What was the literacy rate in ancient Rome and Greece ?

by Pixydust411

With all the amazing culture and architecture and poetry it seems like most ancient romans and greeks could read is this true ?

KiwiHellenist

It's an extraordinarily complicated question and we absolutely cannot assign specific figures, even as an approximation. There are problems over the basic definition:

  • Does 'literacy' mean ability to read, or ability to write?
  • Is a certain level of ability implied?
  • Is a certain quantity of reading/writing required?
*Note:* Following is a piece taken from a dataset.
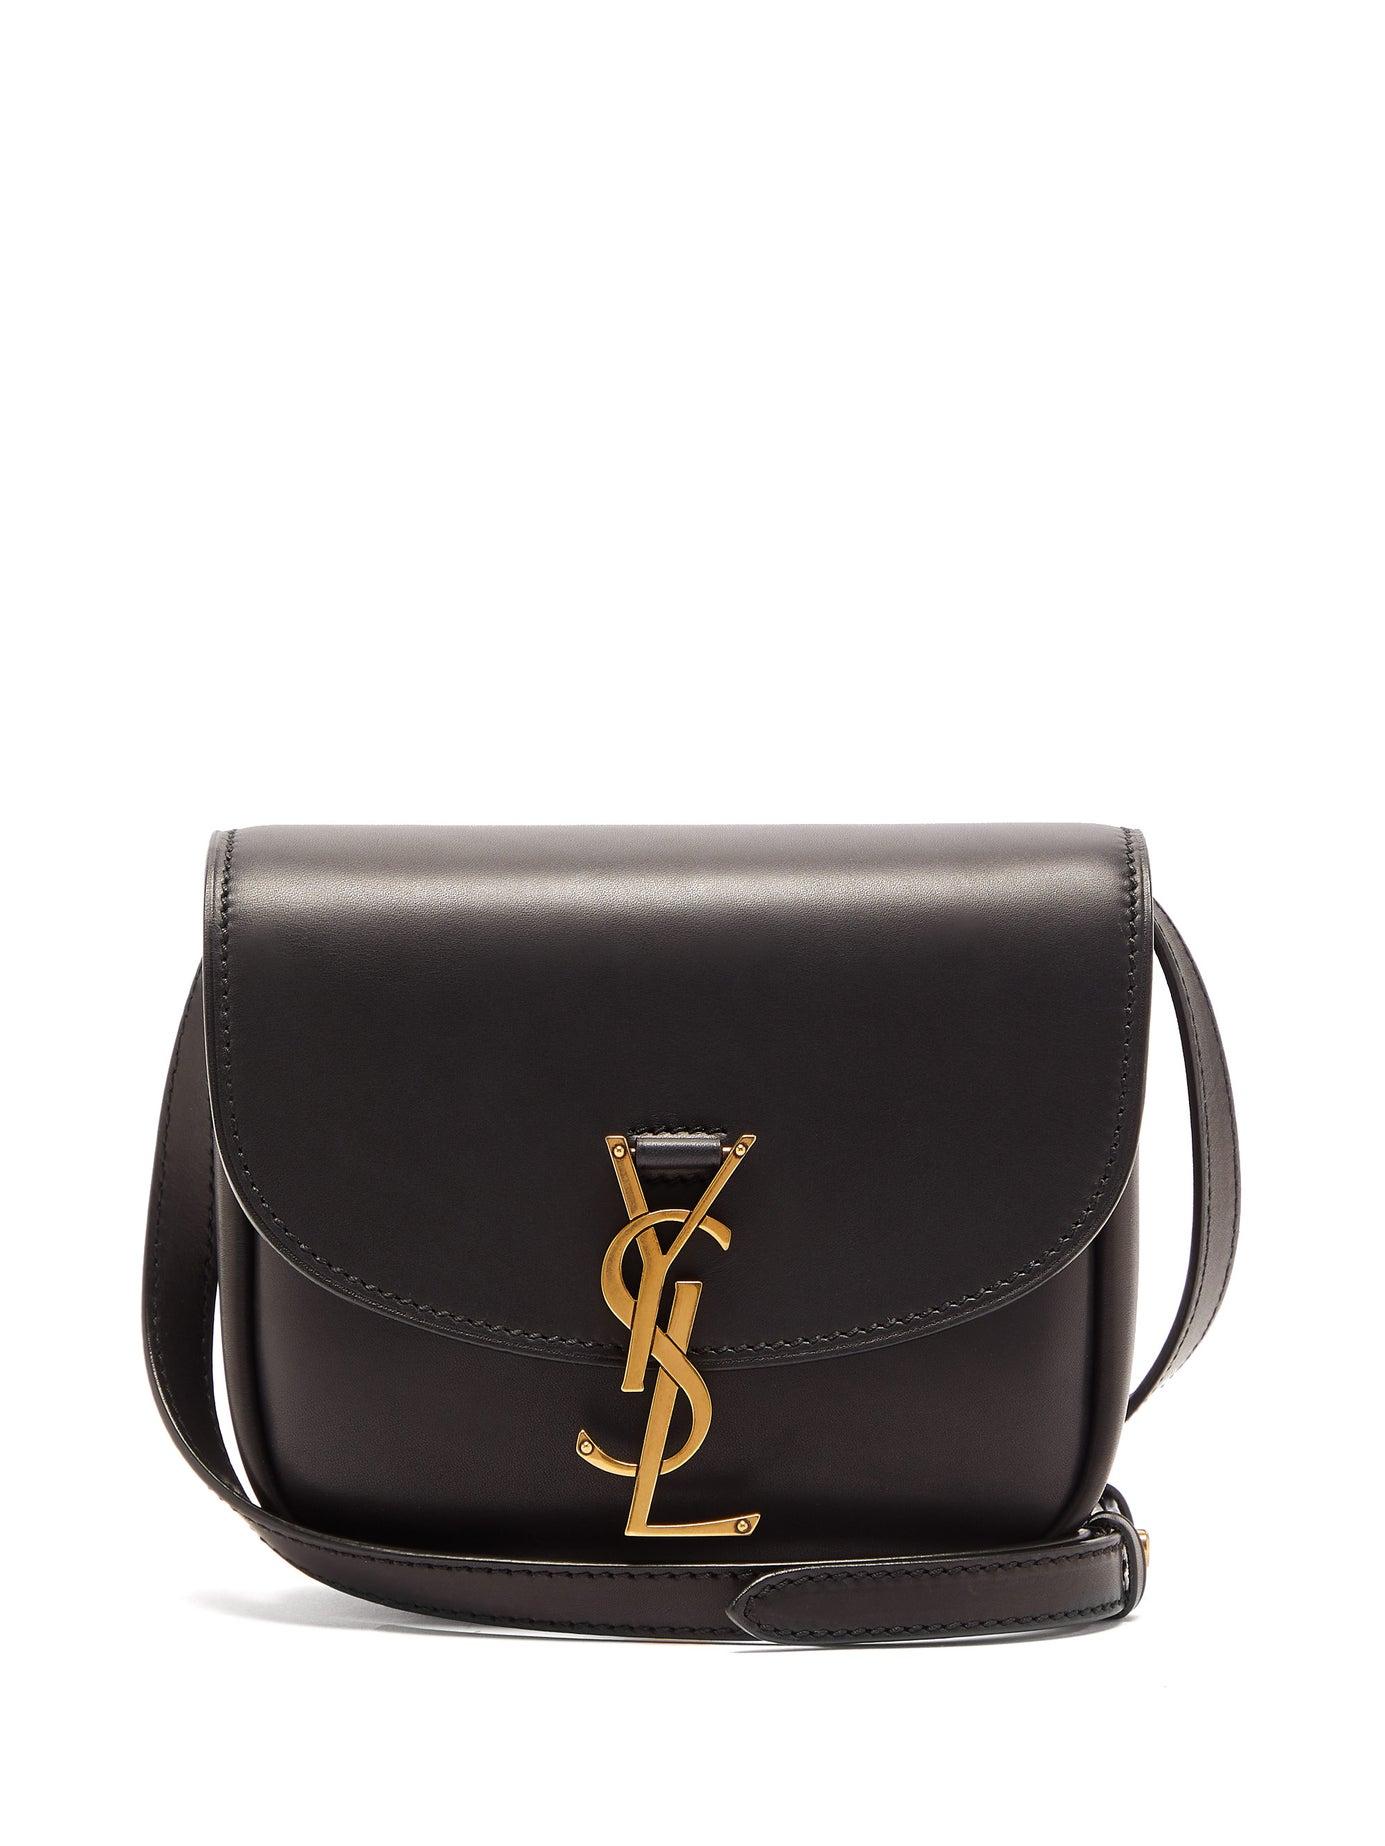 Saint Laurent Kaia Small Satchel In Shiny Crocodile-embossed Leather in Black Womens Bags Satchel bags and purses

If someone writes a five word graffito, are they 'literate'?
  • Does orthography (spelling) matter?

-- but also problems in what we conceive literacy as meaning, culturally --

  • Does 'illiterate' also mean 'uneducated', and does 'literate' mean 'uneducated'?
  • What does 'education' mean in a culture without public schools?
  • What did people need reading and writing for?
  • What did people use reading and writing for?

If you want a really boiled-down version of this, what it means is that in classical Greece the ability to read was relatively widespread, but it was also relatively unimportant. Education didn't mean literacy, and literacy didn't mean education. What we know of classical-era Greek education consistently emphasised oral and mnemonic abilities, and not reading/writing. No one needed literacy to live (except people who carved inscriptions for a living, and the like).

There's no hope of extracting figures from the data we have. We know literacy was widespread, but nearly all the evidence is anecdotal. But to confirm that it was indeed widespread, one piece of anecdata is the graffiti left by Greek mercenaries at Abu Simbel (Aswan, Egypt) in 593/592 BCE, which show evidence of at least nine distinct writers from a variety of places in the Greek world (Meiggs & Lewis, Greek historical inscriptions no. 7). On the other hand, the inscriptions are not copious or especially skilled: most of them are very short and simple. Were the people who wrote those ones 'literate'?

Here's a summary from a 2014 piece about Aristophanes' use of (il)literacy in a play that he staged in 414 BCE, by Carl Anderson and Keith Dix:

Those who believe that the city of Athens had achieved widespread literacy, at least by the end of the fifth century bce, have abundant evidence to support their view in Athenian drama, both in tragedy and comedy. Skeptics, on the other hand, have been able to qualify each instance of apparent reading or writing in drama so as to explain the evidence away.

That is, the lack of objectivity in the data (dramatic plays are a central piece of evidence!) means that there's no hope of reaching a quantitative answer.

We will take a different approach. We ask how Aristophanes uses literacy, or the lack thereof, to comic effect, and how his plays depict not the triumph of literacy at Athens, but rather suspicion of and resistance to it.

They illustrate this by looking at a scene in a comic play, the Birds, where two characters with an adversarial relationship claim authority for their position from a written oracle. Each makes various claims based on the scroll that they're carrying, which sounds like a nice advertisement for literacy, but whenever the other challenges a claim, the speaker simply says 'Take the scroll!' -- and they never do.

That encapsulates the kind of evidence we have. We know that there were lots of inscriptions, because we have thousands of them, and thre were lots and lots of books. But there's very often a lot of ambivalence over how these items were used. Even where someone is reading a document to themselves silently, the context uses aural/oral metaphors -- like in this excerpt from a Euripides play (Iphigeneia among the Taurians 760-763):

The things that are on the writings in the folds of the letter,
I shall tell you in speech, so that you can report everything to my friends.
For there is safety in that. If you keep the written text safe,
the writings will continue to speak silently.

I can't give an answer in relation to Roman literacy, except that I'd assume higher literacy rates and also a greater importance to reading and writing. For further reading, William Harris' Ancient literacy (Harvard, 1989) is still solid but is missing a lot of more recent developments in how we look at literacy; Rosalind Thomas' Literacy and orality in ancient Greece (Cambridge, 1992) is a fundamental text. The Anderson and Dix piece I quoted above comes from Ruth Scodel (ed.), Between orality and literacy: communication and adaptation in antiquity (Brill, 2014).